The likelihood of observing a set of samples x_1\cdots x_n drawn from P is:

\[L=\prod ^{n}_{i=1}P(x_i)\]

However, we don't really know P; what we do know is Q_\theta, so we can calculate:

\[L(\theta)=\prod ^{n}_{i=1}Q_\theta(x_i)\]

The idea is to find an optimal set of parameters \widehat{\theta} such that this likelihood is maximized; in other words:

\[\widehat{\theta}=\underset{\theta}{argmax}\ L(\theta)=\underset{\theta}{argmax}\ \prod ^{n}_{i=1}Q_\theta(x_i)\]

Working with products is inconvenient, however, so a logarithm is used instead to convert a product to a sum (since log(f(x)) is a monotonically increasing function, maximizing it is akin to maximizing f(x) itself):

\[\widehat{\theta}=\underset{\theta}{argmax}\ \log L(\theta)=\underset{\theta}{argmax}\ \sum ^{n}_{i=1}\log Q_\theta(x_i)\]

This is the maximal log-likelihood.

Now a clever statistical trick is employed; first, we multiply the function we're maximizing by the constant \frac{1}{n} - this doesn't affect the maxima, of course:

\[\widehat{\theta}=\underset{\theta}{argmax}\ \frac{1}{n}\sum ^{n}_{i=1}\log Q_\theta(x_i)\]

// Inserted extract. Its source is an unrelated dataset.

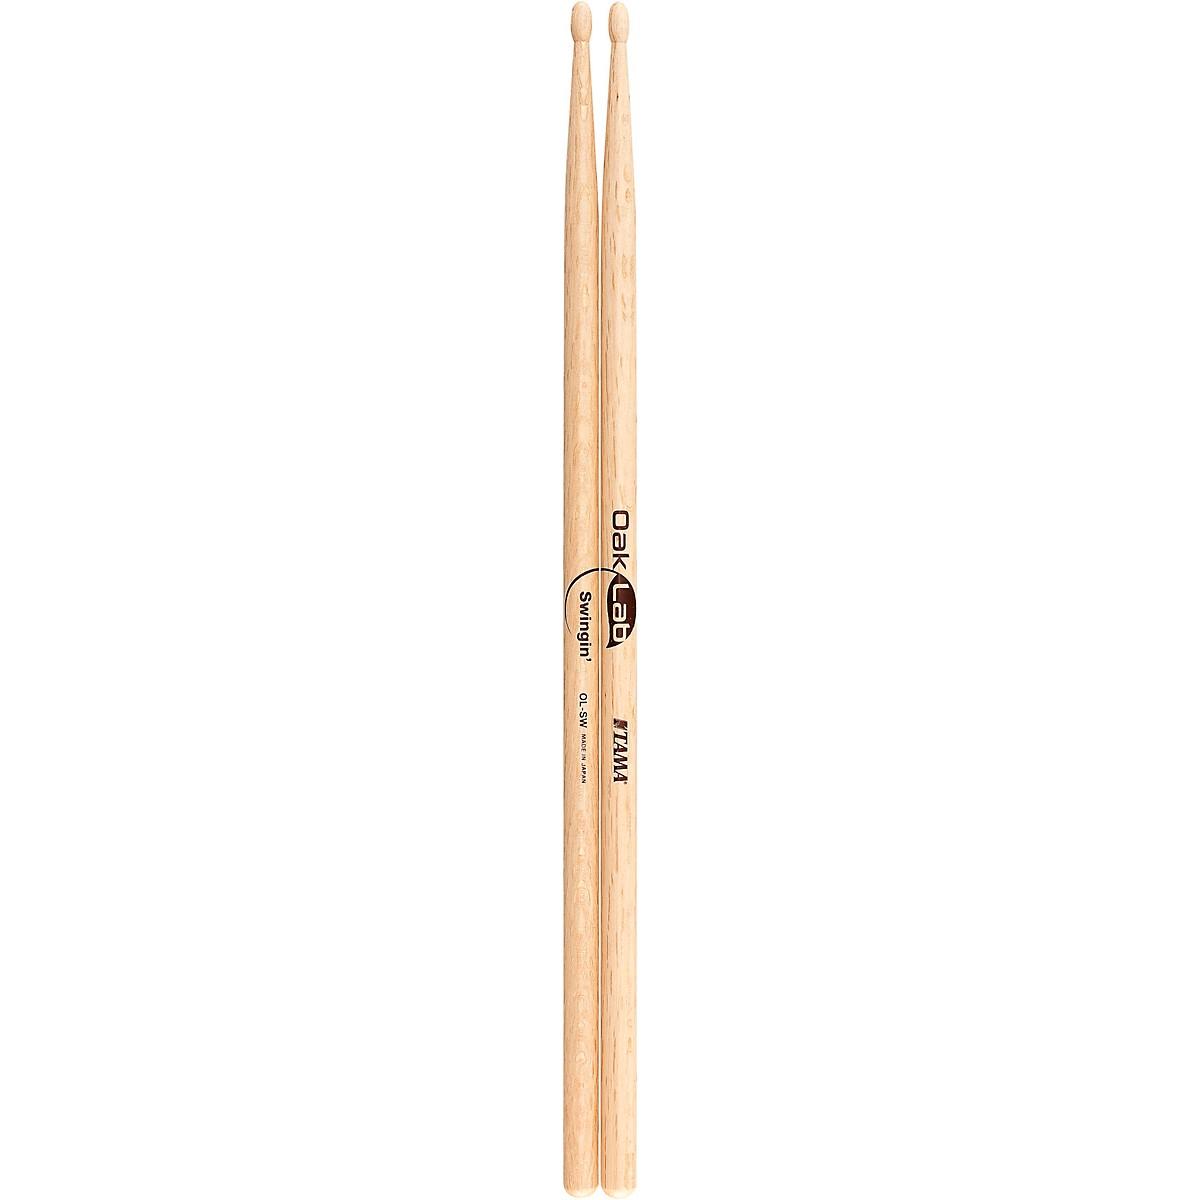 TAMA Oak Lab Series Swingin' Drum Sticks

The function inside the argmax is now the average across n samples obtained from the true probability distribution P. The Law of Large numbers states that with a large enough n, this average converges to the expected value of drawing from this distribution:

\[\widehat{\theta}=\underset{\theta}{argmax}\ \sum ^{n}_{i=1}P(x_i)\log Q_\theta(x_i)\]

This should start looking familiar; all that's left is to negate the sum and minimize the negative instead:

\[\widehat{\theta}=\underset{\theta}{argmin}\ -\sum ^{n}_{i=1}P(x_i)\log Q_\theta(x_i)\]

The function we're now minimizing is the cross-entropy between P and Q_\theta. We've shown that maximum likelihood estimation is equivalent to minimizing the cross-entropy between the true and and predicted data distributions.

[1]This can be proven by taking the limit \lim_{p\to 0} p \log p and using L'Hopital's rule to show that it goes to 0.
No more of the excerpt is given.